▶ [PROBLEM TO WORK ON]:
Everything from the line with "Ученые: домашняя еда" through the final line of the listing below must be retyped exactly, apart from the pictures.

▶ [SUPPLIED INFORMATION]:

==================================================

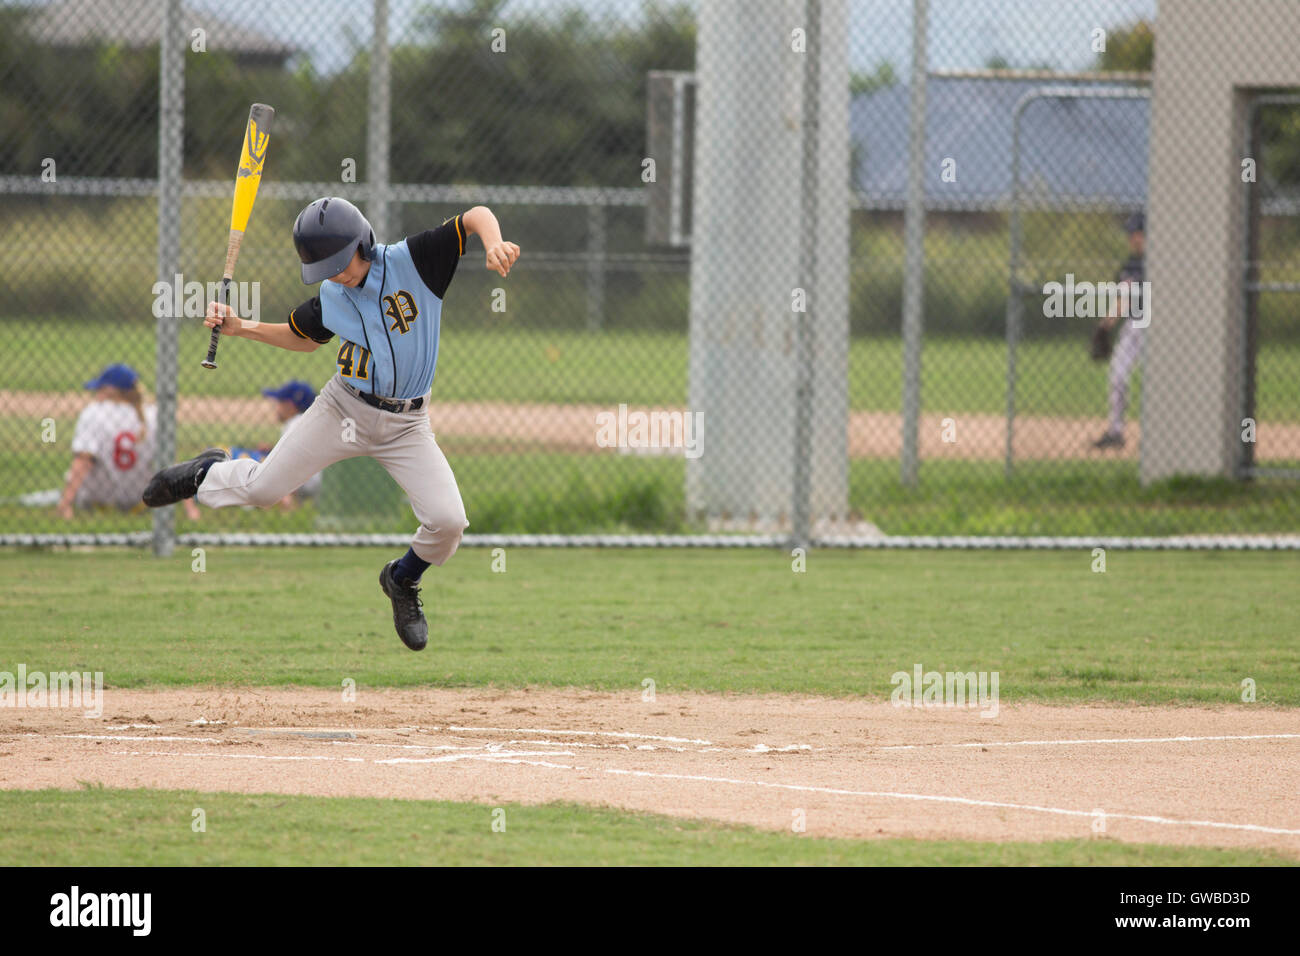 Ein Teenager weicht einen eigensinnigen Pitch während an bat bei einem Baseball-Spiel in Cairns, Australien Stockfoto
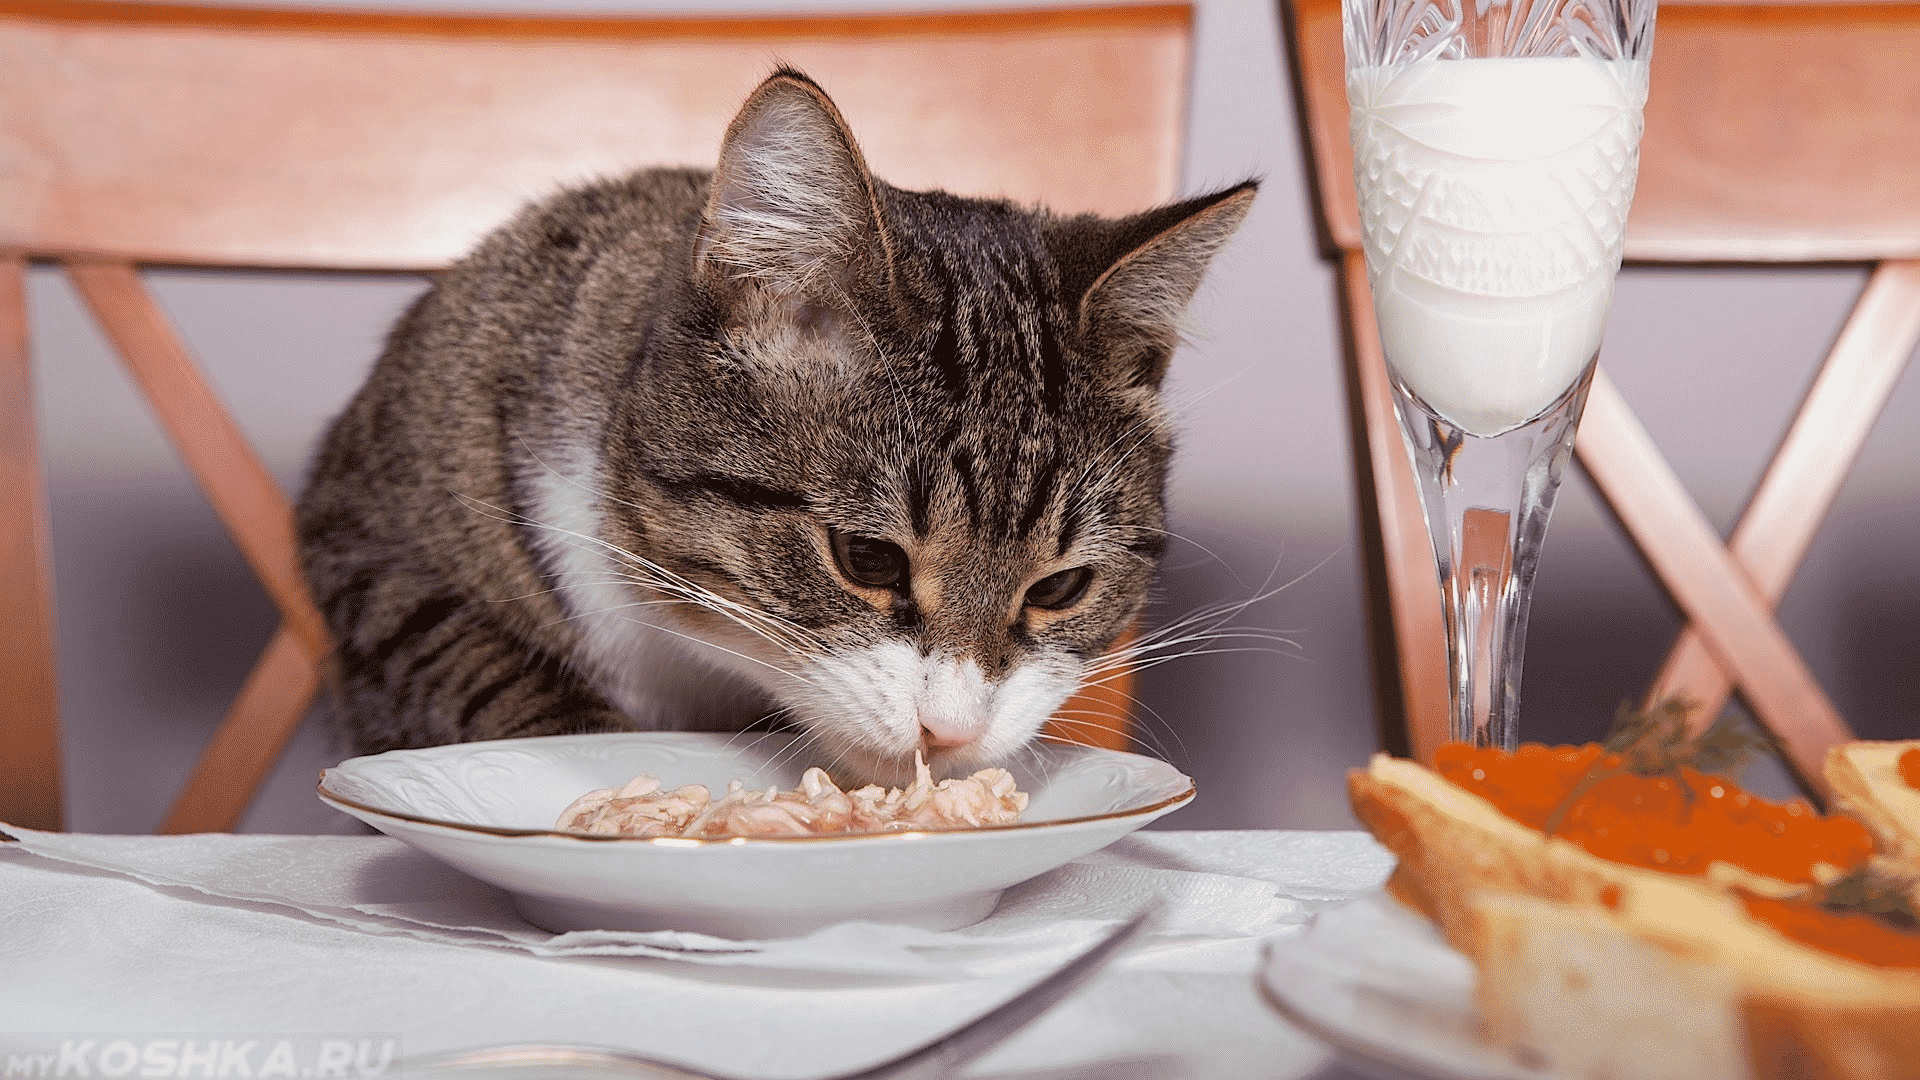 Ученые: домашняя еда может быть опасна для кошек
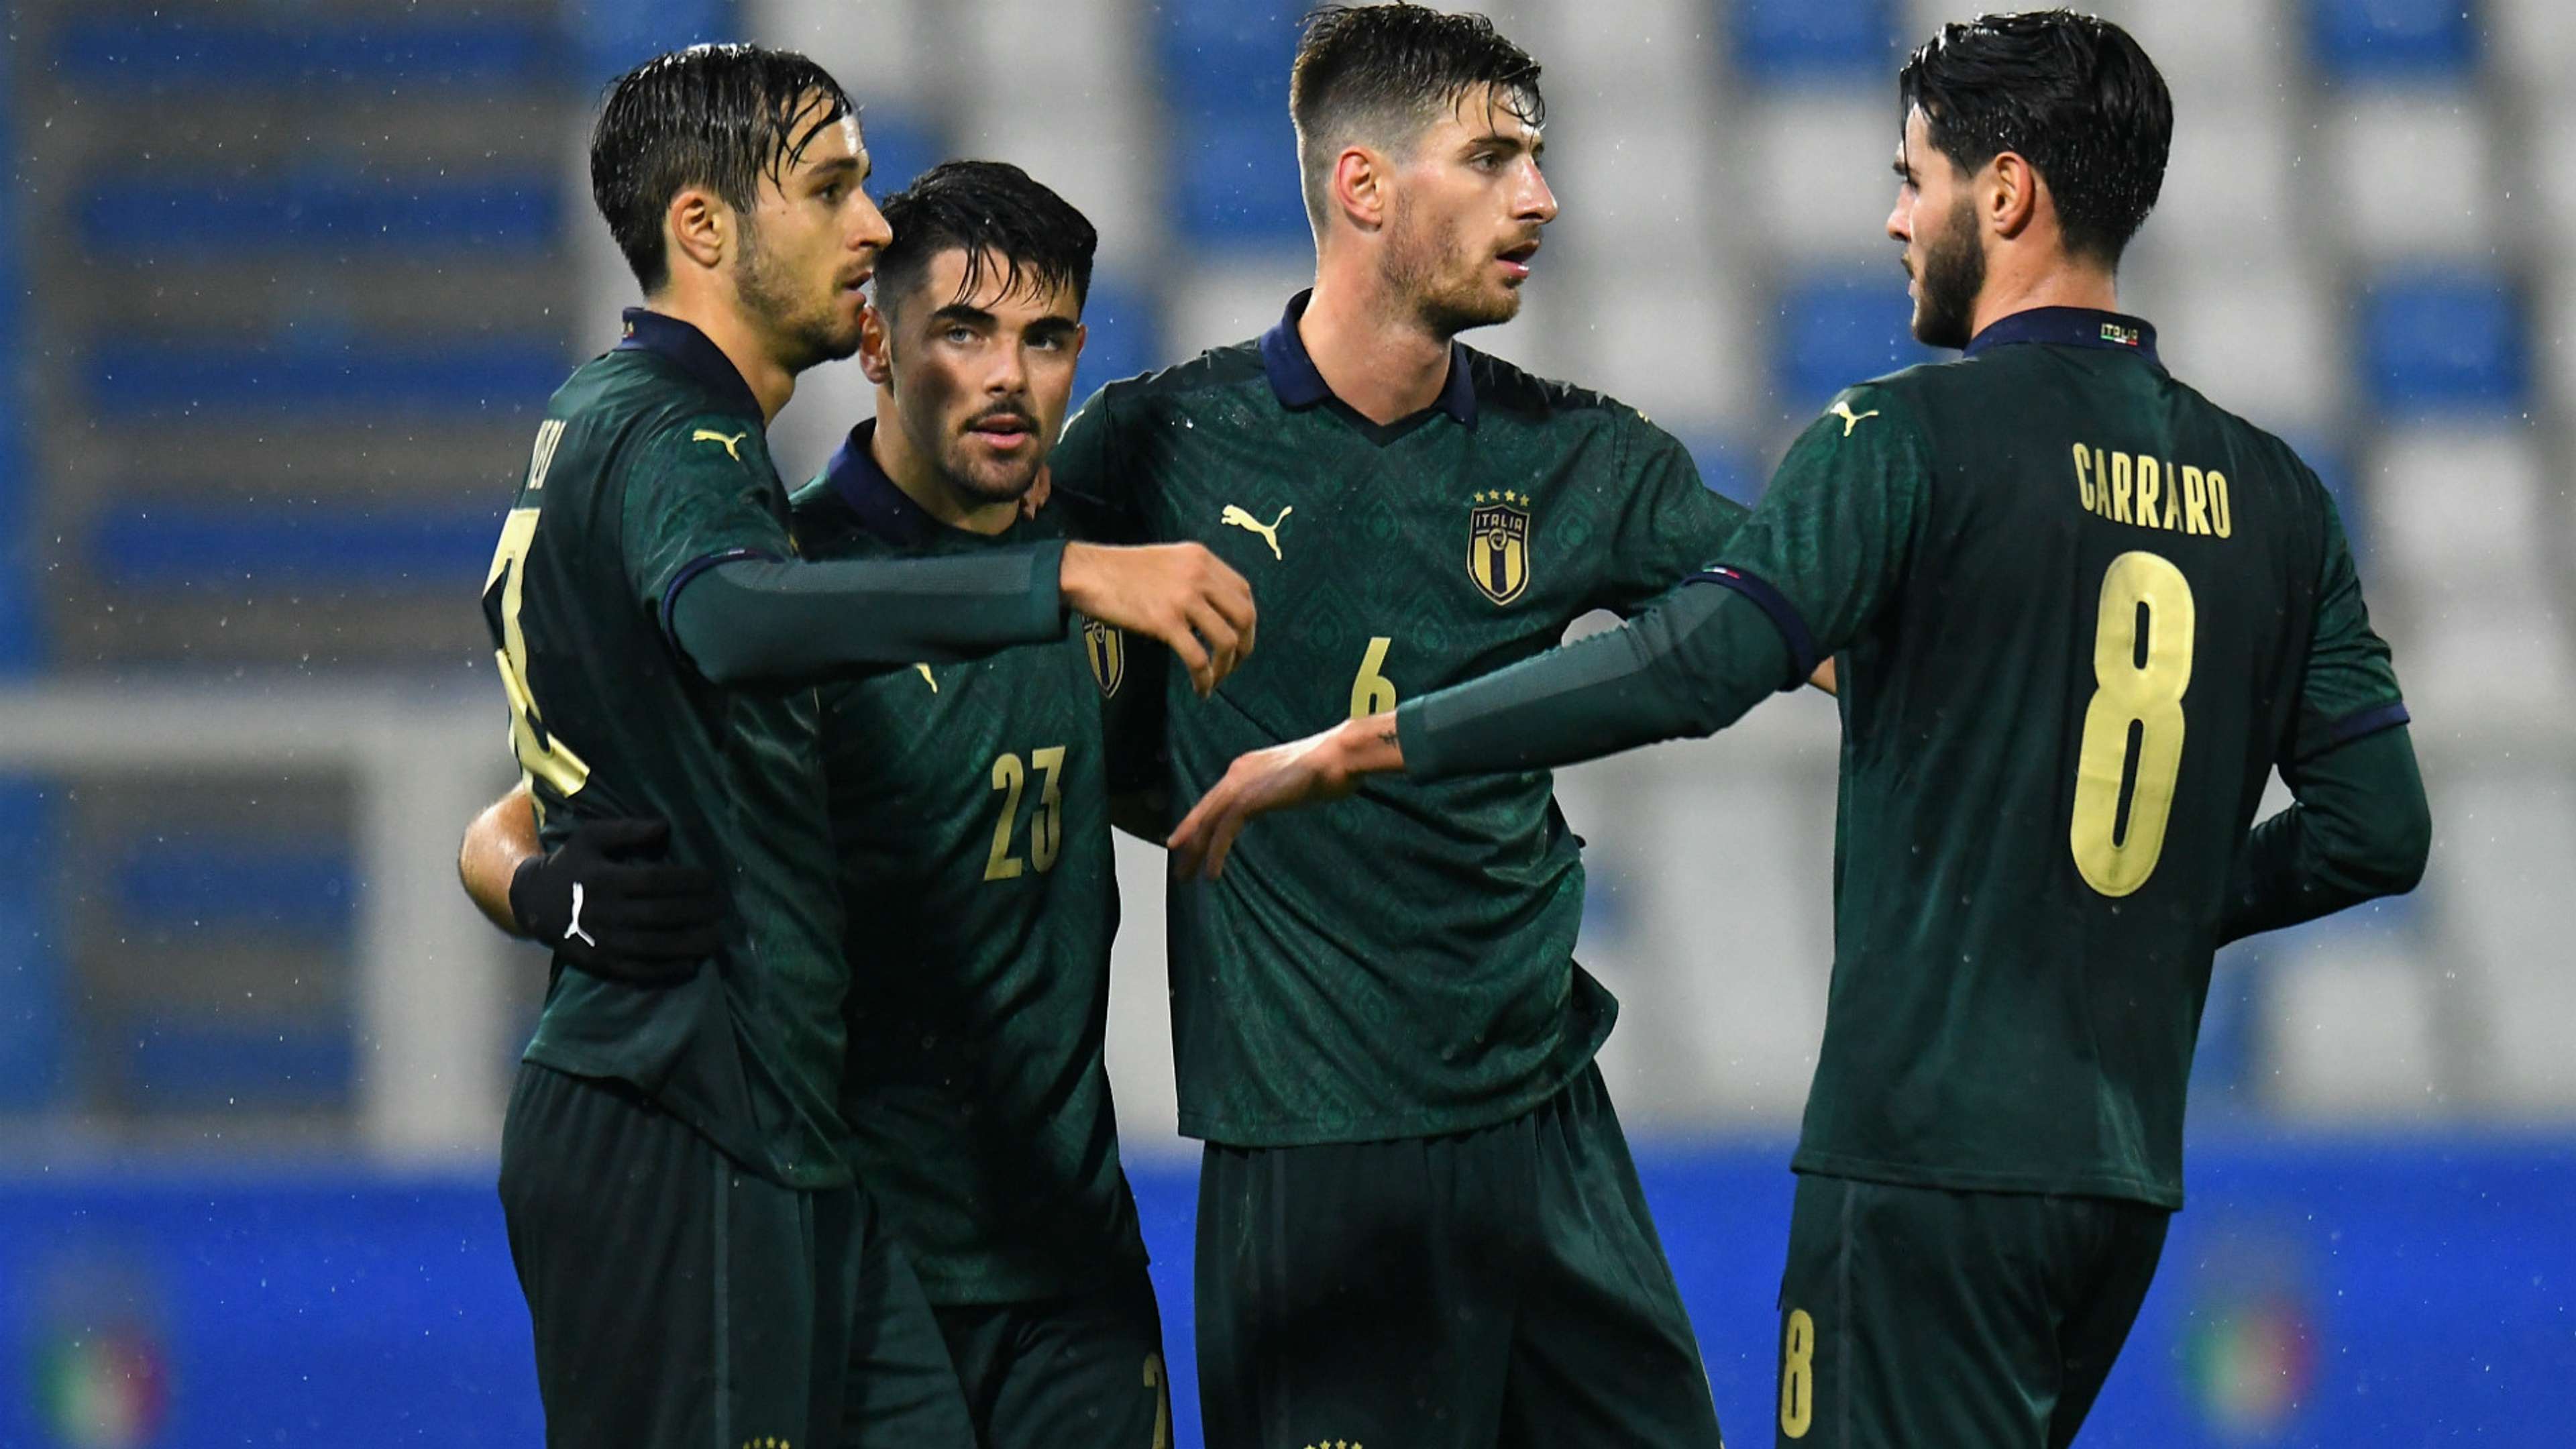 Italy Under 21 celebrates goal against Iceland

==================================================

▶ [WRITTEN ANSWER]:
 Ученые: домашняя еда может быть опасна для кошек
 Italy Under 21 celebrates goal against Iceland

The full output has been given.